Hence the confusion.
On a related note, imagine how the world might have reacted if the Trump Campaign had used similar tactics, blurring the lines between organic and paid activity?
Would Mumbrella’s 1,000 word Tribe write-up last week have been quite so glowing? And, what of its infamous comments thread?
Therefore, it is following Bloomberg’s recent push that Instagram is changing its advertising rules to require political campaigns’ sponsored posts from influencers to use its Branded Content Ads tool. Adding a disclosure label of “Paid Partnership with.”
Simply using #ad, #sponcon, or similar is no longer deemed sufficient.
#Ad Disclosure No Longer Enough For Influencer Campaigns
Facebook is now asking all political sponsorships, including the Bloomberg memes retroactively, to be disclosed with a label using this tool.
That would add a “Paid Partnership with Bloomberg 2020” warning to posts and Stories that the campaign paid meme pages and other influencers to post.
Facebook had, before this, been reluctant to integrate branded content and political campaigning, for fears that it could be deemed as a form of making campaign contributions by Facebook.
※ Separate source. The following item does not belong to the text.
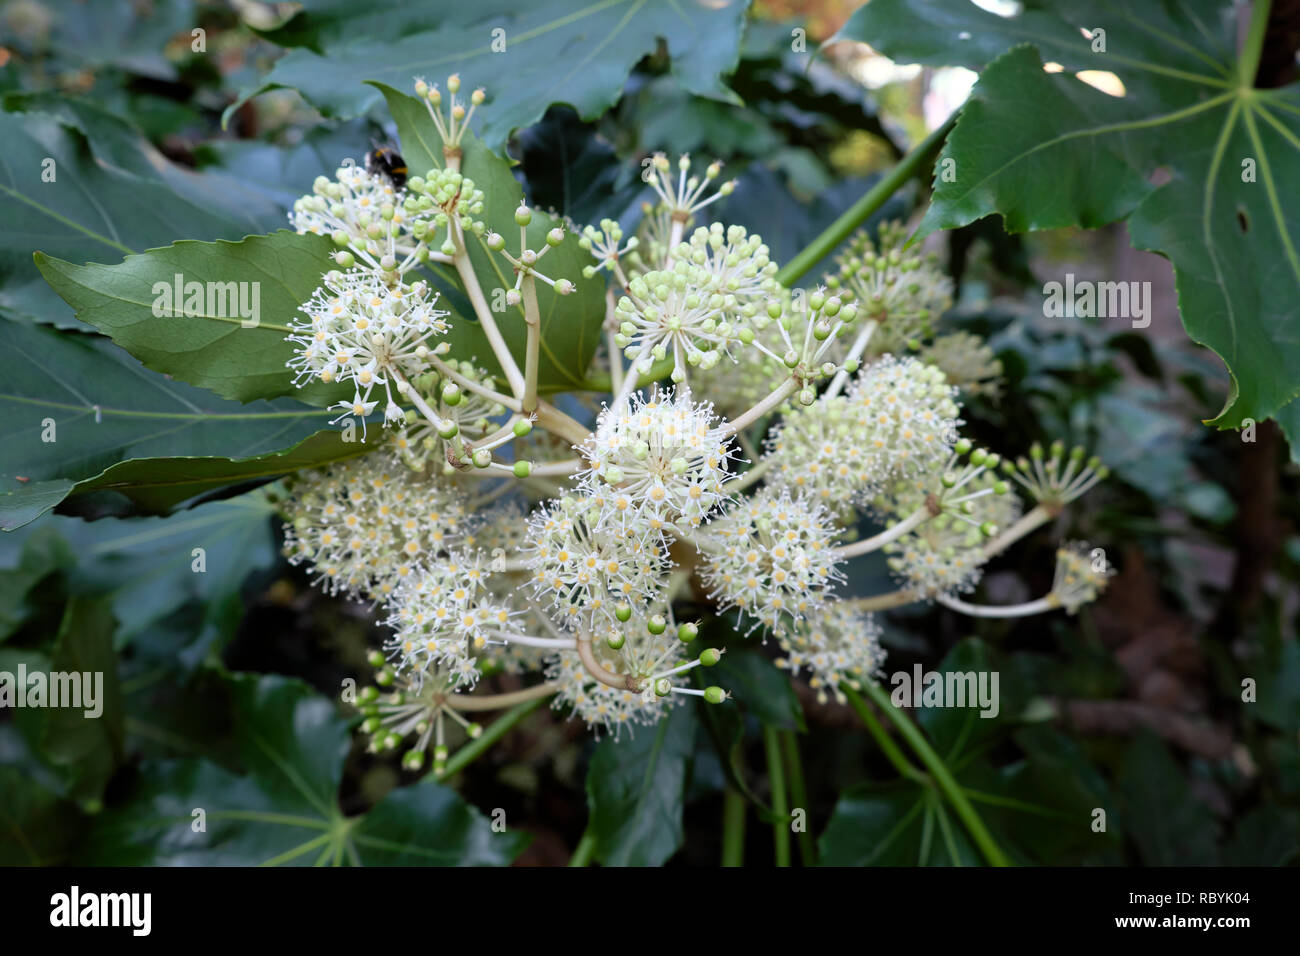 Fatsia Japonica shrub or Japanese paper plant with white flowers flowering in December in London England UK  KATHY DEWITT Stock Photo

Due to the various monetisation opportunities which exist within the branded content suite.
However, it has in recent days backtracked on this, to bring greater transparency.
"After hearing from multiple campaigns, we agree that there’s a place for branded content in political discussion on our platforms. We’re allowing US-based political candidates to work with creators to run this content, provided the political candidates are authorised and the creators disclose any paid partnerships through our branded content tools.
Branded content is different from advertising, but in either case we believe it’s important people know when they’re seeing paid content on our platforms,"
As influencer transparency and regulation calls grow in the UK, US and around the globe, it is possible that Facebook could jump before it is pushed. Extending these new influencer guidelines more broadly to incorporate the non-political.
If not entirely, then certainly in part, much like it has with the Facebook Ads Library.
In the meantime, it might be a good idea for influencer, brands and agencies to begin better familiarising themselves with the branded content suite and its growing set of bells and whistle.
Not to mention, keeping a watchful eye on any other fancy footwork from Bloomberg's digital dream team. The coming months will see the boundaries of digital comms stretched to the absolute limits, as the battle for Donald Trump's Iron Throne heats up.